Riprendendo questi tre aspetti fondamentali per vivere nella Caritas, ossia la carità, lo sviluppo integrale e la comunione, vorrei esortarvi a viverli con stile di povertà, di gratuità e di umiltà.

Non si può vivere la carità senza avere relazioni interpersonali con i poveri: vivere con i poveri e per i poveri. I poveri non sono numeri ma persone. Perché vivendo con i poveri impariamo a praticare la carità con lo spirito di povertà, impariamo che la carità è condivisione. In realtà, non solo la carità che non arriva alla tasca risulta una falsa carità, ma la carità che non coinvolge il cuore, l’anima e tutto il nostro essere è un’idea di carità ancora non realizzata.

Occorre essere sempre attenti a non cadere nella tentazione di vivere una carità ipocrita o ingannatrice, una carità identificata con l’elemosina, con la beneficienza, oppure come “pillola calmante” per le nostre inquiete coscienze. Ecco perché si deve evitare di assimilare l’operato della carità con l’efficacia filantropica o con l’efficienza pianificatrice oppure con l’esagerata ed effervescente organizzazione.

Essendo la carità la più ambita delle virtù alla quale l'uomo possa aspirare per poter imitare Dio, risulta scandaloso vedere operatori di carità che la trasformano in business: parlano tanto della carità ma vivono nel lusso o nella dissipazione oppure organizzano Forum sulla carità sprecando inutilmente tanto denaro. Fa molto male constatare che alcuni operatori di carità si trasformano in funzionari e burocrati.

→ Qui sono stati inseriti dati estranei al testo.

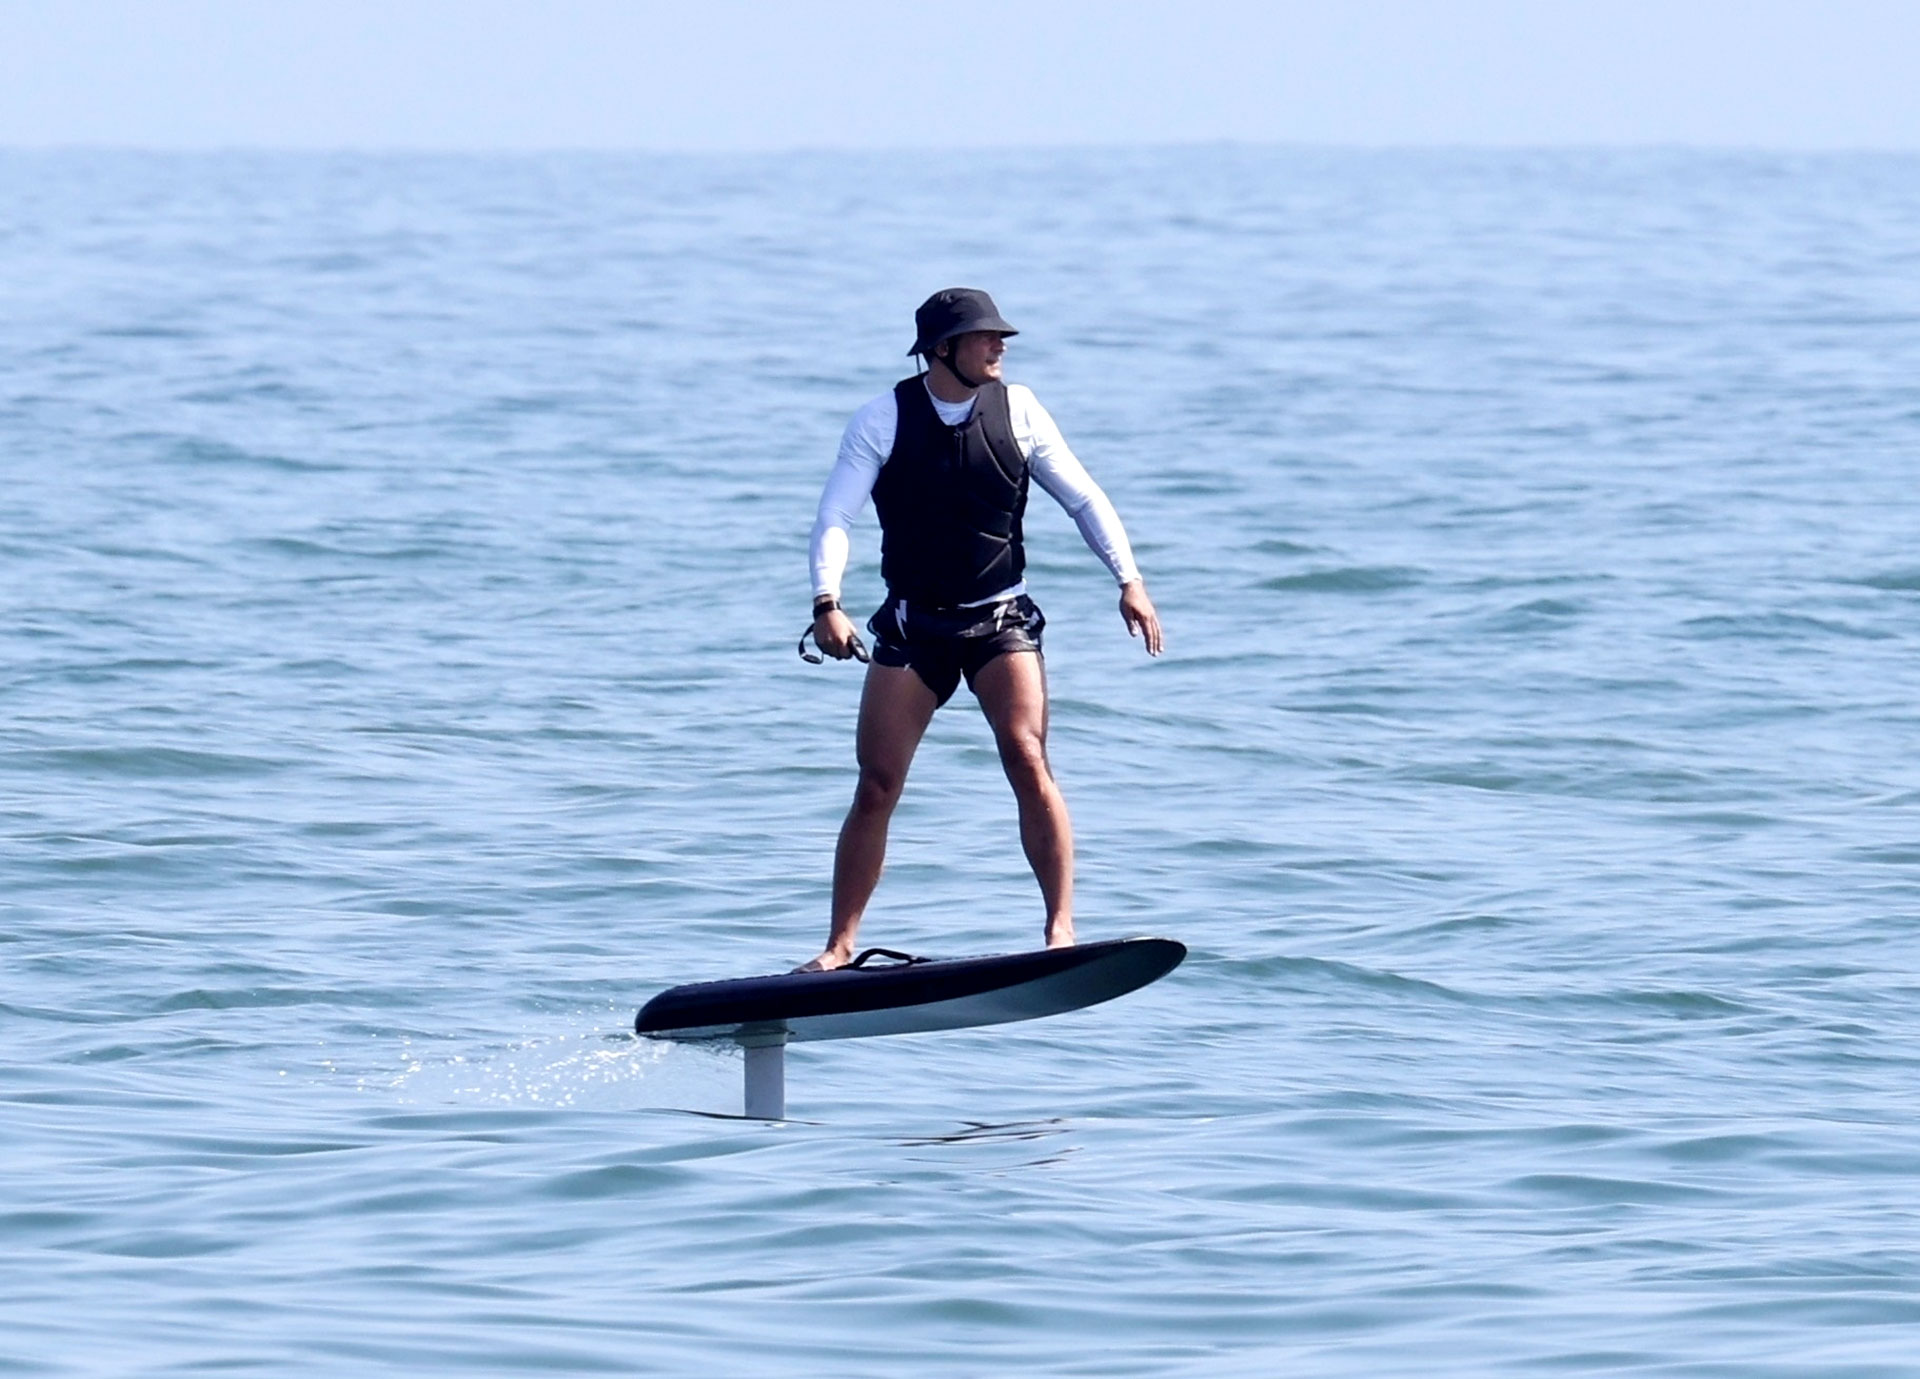 Amante de los deportes acuáticos, Orlando Bloom aprovechó para surfear en la playa de Santa Bárbara. El actor disfrutó de un día de relax, tras haber sido papá de Daisy Dove Bloom, su primera hija con Katy Perry (Foto: Backgrid / The Grosby Group)

Ecco perché vorrei ribadire che la carità non è un’idea o un pio sentimento, ma è l’incontro esperienziale con Cristo; è il voler vivere con il cuore di Dio che non ci chiede di avere verso i poveri un generico amore, affetto, solidarietà, ecc., ma di incontrare in loro Lui stesso (cfr Mt 25,31-46), con lo stile di povertà.

Cari amici, vi ringrazio, a nome di tutta la Chiesa, per quello che fate con e per tanti fratelli e sorelle che fanno fatica, che sono lasciati ai margini, che sono oppressi dalle schiavitù dei nostri giorni, e vi incoraggio ad andare avanti! Possiate tutti voi, in comunione con le comunità ecclesiali a cui appartenete e di cui siete espressione, continuare a dare con gioia il vostro contributo perché cresca nel mondo il Regno di Dio, Regno di giustizia, di amore e di pace. Vi nutra e vi illumini sempre il Vangelo, e vi guidi l’insegnamento e la cura pastorale della madre Chiesa.

Che il Signore vi benedica e la Madonna vi custodisca. E, per favore, non dimenticatevi di pregare per me. Grazie.